Tensor Operations
Tensor Creation
Dimension Operations
Add a new dimension
unsqueeze()
t = torch.rand((3,4)) ## shaped [3, 4]
t_new = t.unsqueeze(0) ## shaped [1, 3, 4]
t_new = t.unsqueeze(1) ## shaped [3, 1, 4]
t_new = t.unsqueeze(2) ## shaped [3, 4, 1]
view()
Activate Function
Sigmoid
Computes the logistic sigmoid function of the elements of input.
log_softmax
def log_softmax(input: torch.Tensor, dim: int = -1) -> torch.Tensor:
"""
Compute log_softmax
Args:
input: Input tensor
dim: Dimension along which to compute log_softmax
(only -1 or last dim supported)
Returns:
Tensor with log_softmax applied along the specified dimension
"""
if dim != -1 and dim != input.ndim - 1:
raise ValueError(
"This implementation only supports log_softmax along the last dimension"
)
# Flatten all dimensions except the last one
original_shape = input.shape
input_2d = input.reshape(-1, input.shape[-1])
input_2d = input_2d.contiguous()
n_rows, n_cols = input_2d.shape
# calculate max per row for numerical stability
max_per_row = torch.max(input_2d, dim=-1, keepdim=True).values
input_stable = input_2d - max_per_row
exp_input = torch.exp(input_stable)
sum_exp = torch.sum(exp_input, dim=-1, keepdim=True)
log_sum_exp = torch.log(sum_exp)
log_softmax_2d = input_stable - log_sum_exp - max_per_row
log_softmax_output = log_softmax_2d.reshape(original_shape)
return log_softmax_output
Compute the maximum value in the input tensor and subtract it from all elements for numerical stability.
calculate the sum of exponentials of the values.
Finally, compute the log-softmax values using the stabilized inputs.
CUDAGraph
static tensor, why not dynamic tensor?
When using CUDA Graphs, the operations and data involved in the graph must remain static to ensure correct execution. Dynamic tensors, which can change shape or size during runtime, would violate this requirement. CUDA Graphs capture a fixed sequence of operations and memory accesses, so any changes to tensor dimensions would lead to inconsistencies and potential errors during execution. Therefore, only static tensors with fixed shapes can be used within CUDA Graphs to maintain the integrity of the captured computation.
why need buffer tensor?
Buffer tensors are used in CUDA Graphs to provide pre-allocated memory space for dynamic data that may change during the execution of the graph.

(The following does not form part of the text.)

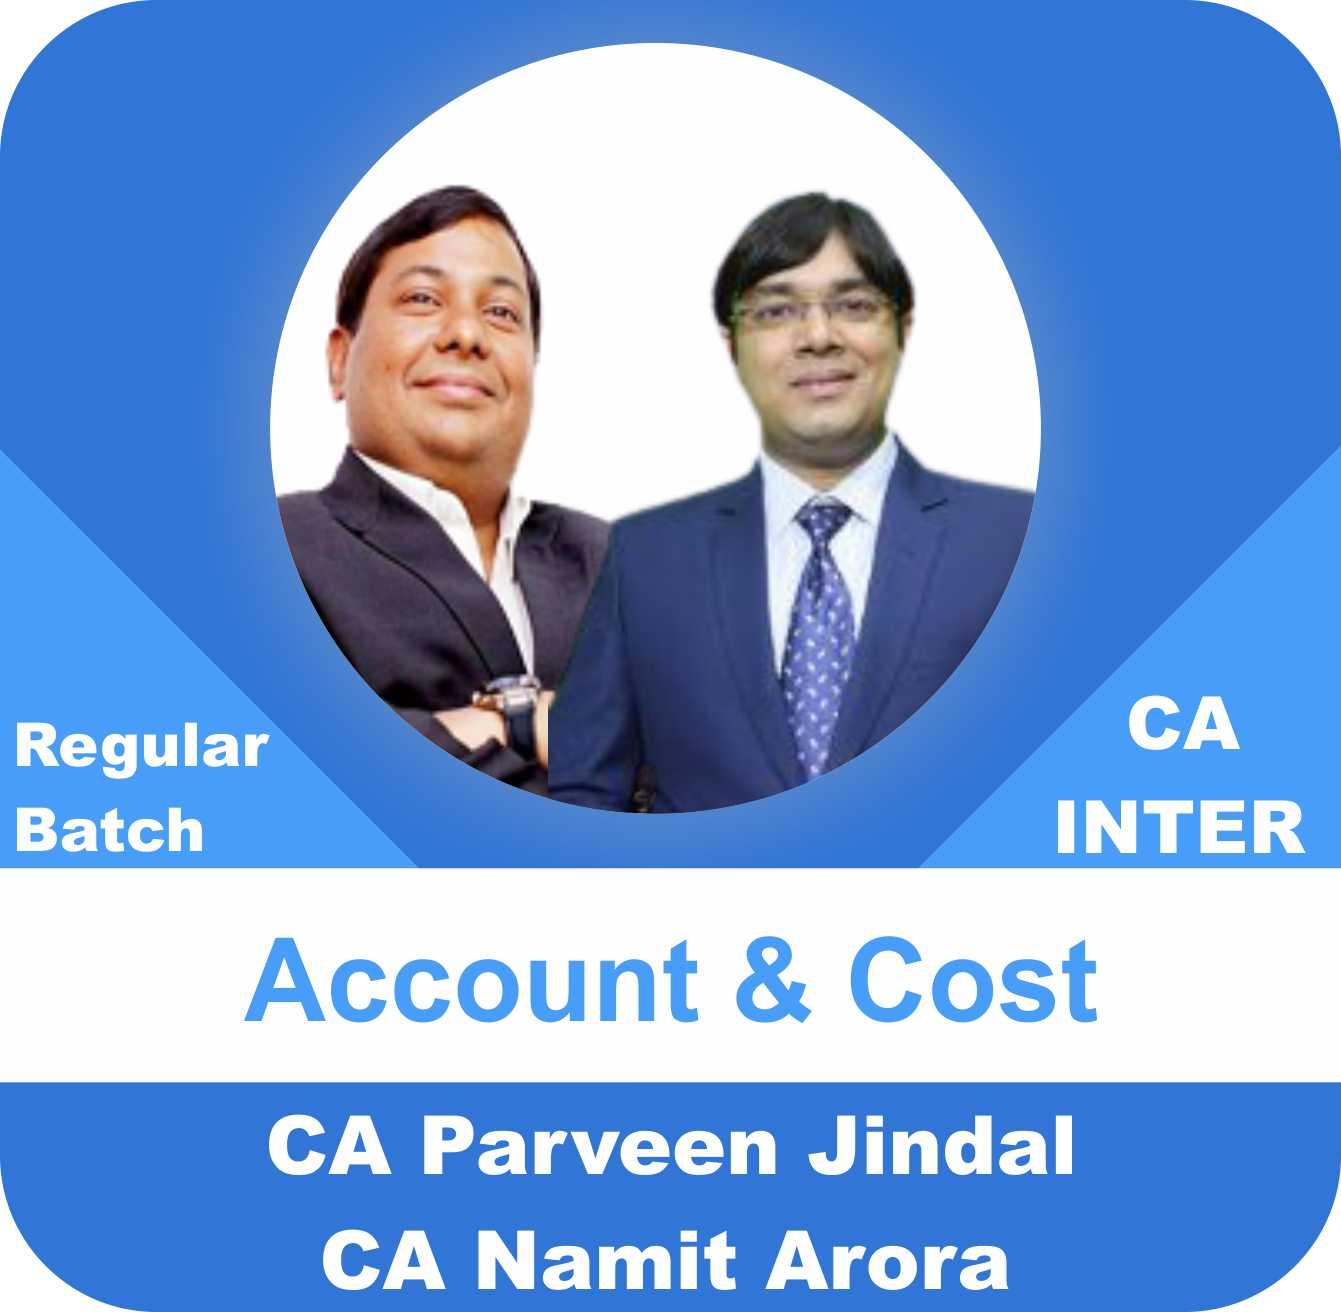 Account & Cost Regular Batch Combo

Since CUDA Graphs require static memory allocations for efficient execution, buffer tensors act as placeholders that can hold varying data without altering the overall structure of the graph. This allows for flexibility in handling inputs or intermediate results while still adhering to the constraints of CUDA Graphs, ensuring that the graph can be executed efficiently without the overhead of dynamic memory allocation during runtime.